Restate all data exactly. No images.

* **Data below**:
Content starts
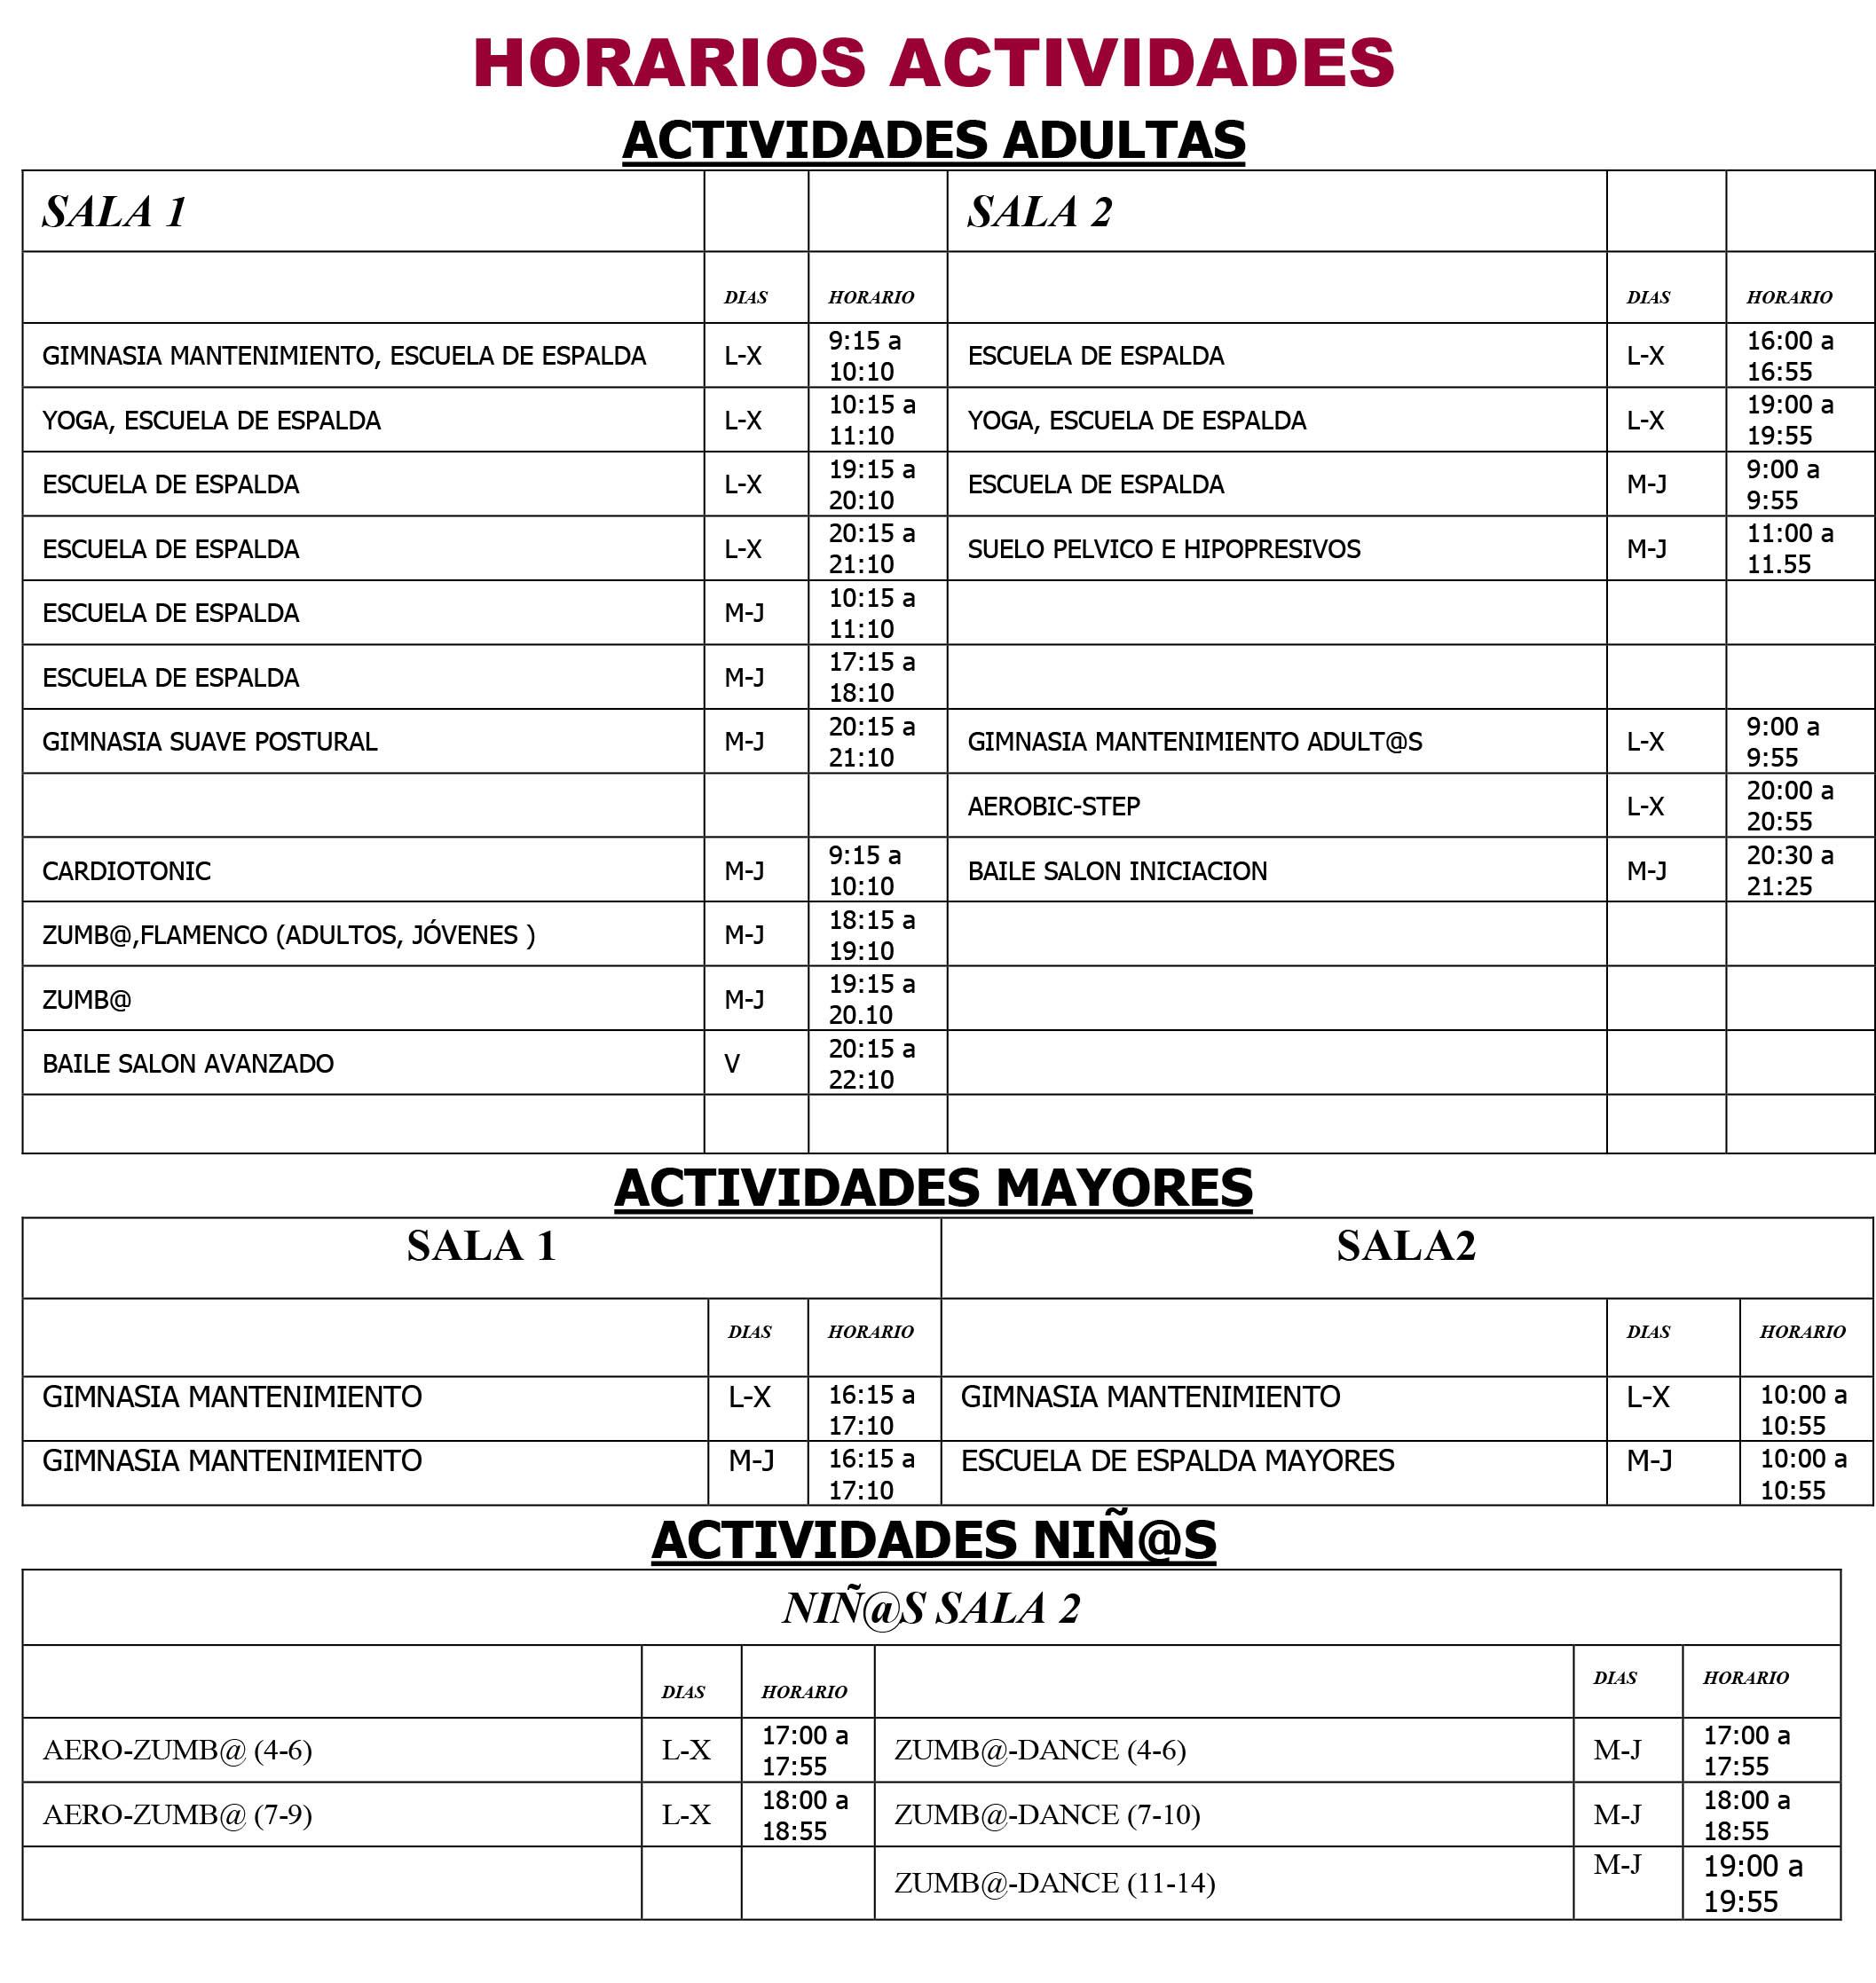 HORARIOS ACTIVIDADES 2021 22
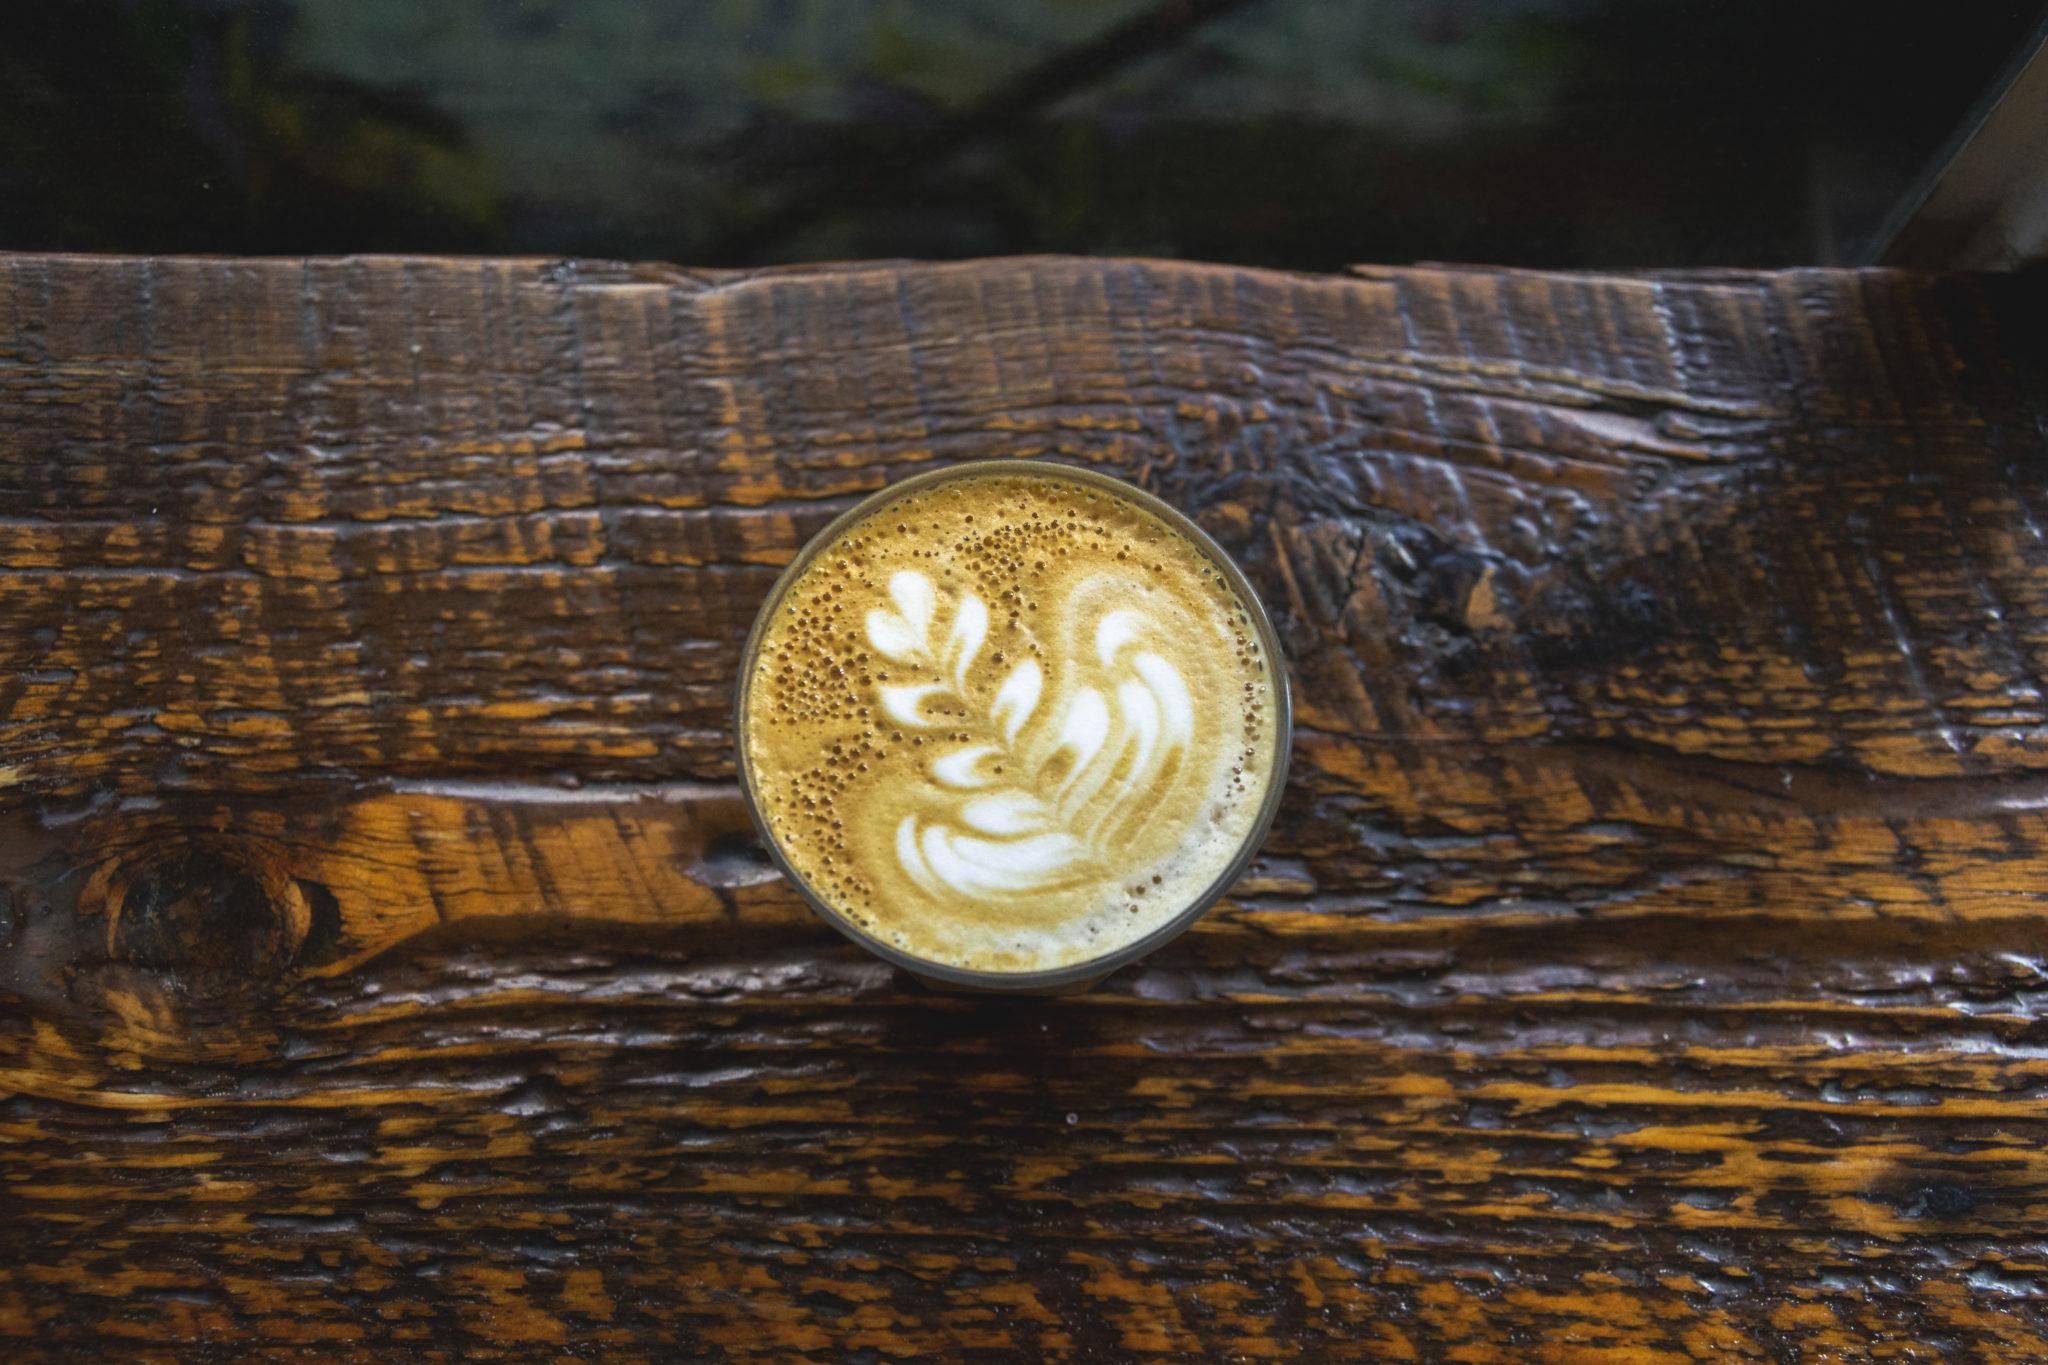 latte art on wooden shelf
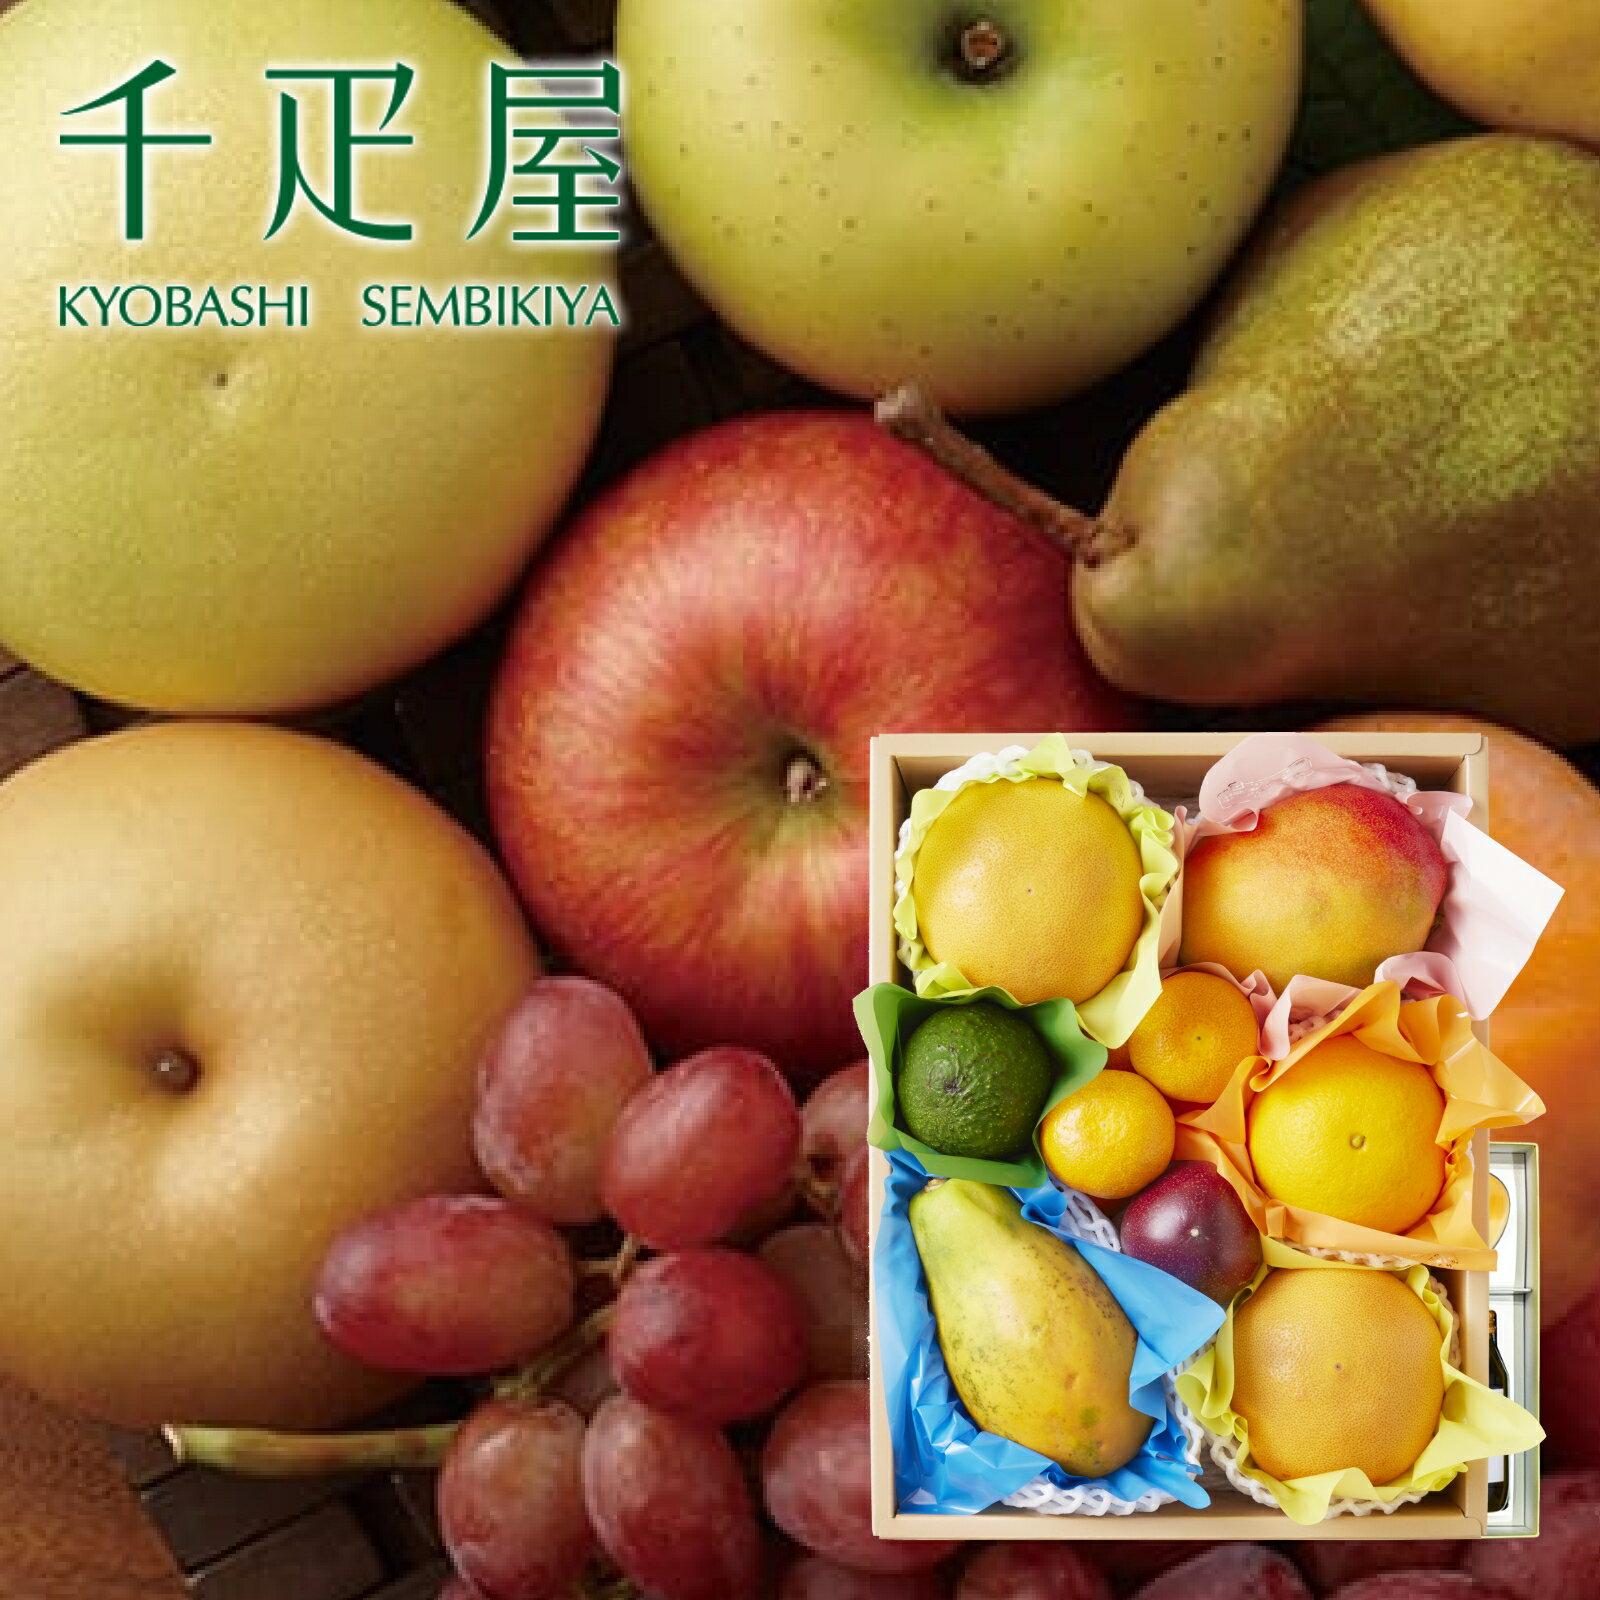 フルーツ・果物, セット・詰め合わせ  57
Content ends
* **Result**:
 HORARIOS ACTIVIDADES 2021 22
 latte art on wooden shelf
 フルーツ・果物, セット・詰め合わせ  57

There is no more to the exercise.